● **INFORMATION PROVIDED**:
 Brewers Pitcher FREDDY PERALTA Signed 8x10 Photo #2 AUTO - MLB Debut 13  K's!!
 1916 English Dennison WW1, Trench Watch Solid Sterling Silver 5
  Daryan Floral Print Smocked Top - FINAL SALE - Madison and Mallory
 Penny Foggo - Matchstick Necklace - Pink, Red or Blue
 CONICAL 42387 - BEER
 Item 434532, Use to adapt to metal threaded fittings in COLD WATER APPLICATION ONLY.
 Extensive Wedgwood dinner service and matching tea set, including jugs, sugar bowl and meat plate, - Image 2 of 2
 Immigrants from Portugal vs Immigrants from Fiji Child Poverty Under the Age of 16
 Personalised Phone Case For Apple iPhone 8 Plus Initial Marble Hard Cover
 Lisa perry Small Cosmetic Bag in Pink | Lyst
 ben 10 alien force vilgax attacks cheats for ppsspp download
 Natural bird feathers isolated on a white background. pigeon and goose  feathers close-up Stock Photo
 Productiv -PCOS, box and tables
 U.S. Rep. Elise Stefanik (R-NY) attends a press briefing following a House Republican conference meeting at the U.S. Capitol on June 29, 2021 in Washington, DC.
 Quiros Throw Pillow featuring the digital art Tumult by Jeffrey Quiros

● **WHAT YOU HAVE TO DO**: Every record in the listing above is to be copied exactly.

● **SOLUTION TO THIS EXERCISE**:
 Brewers Pitcher FREDDY PERALTA Signed 8x10 Photo #2 AUTO - MLB Debut 13  K's!!
 1916 English Dennison WW1, Trench Watch Solid Sterling Silver 5
  Daryan Floral Print Smocked Top - FINAL SALE - Madison and Mallory
 Penny Foggo - Matchstick Necklace - Pink, Red or Blue
 CONICAL 42387 - BEER
 Item 434532, Use to adapt to metal threaded fittings in COLD WATER APPLICATION ONLY.
 Extensive Wedgwood dinner service and matching tea set, including jugs, sugar bowl and meat plate, - Image 2 of 2
 Immigrants from Portugal vs Immigrants from Fiji Child Poverty Under the Age of 16
 Personalised Phone Case For Apple iPhone 8 Plus Initial Marble Hard Cover
 Lisa perry Small Cosmetic Bag in Pink | Lyst
 ben 10 alien force vilgax attacks cheats for ppsspp download
 Natural bird feathers isolated on a white background. pigeon and goose  feathers close-up Stock Photo
 Productiv -PCOS, box and tables
 U.S. Rep. Elise Stefanik (R-NY) attends a press briefing following a House Republican conference meeting at the U.S. Capitol on June 29, 2021 in Washington, DC.
 Quiros Throw Pillow featuring the digital art Tumult by Jeffrey Quiros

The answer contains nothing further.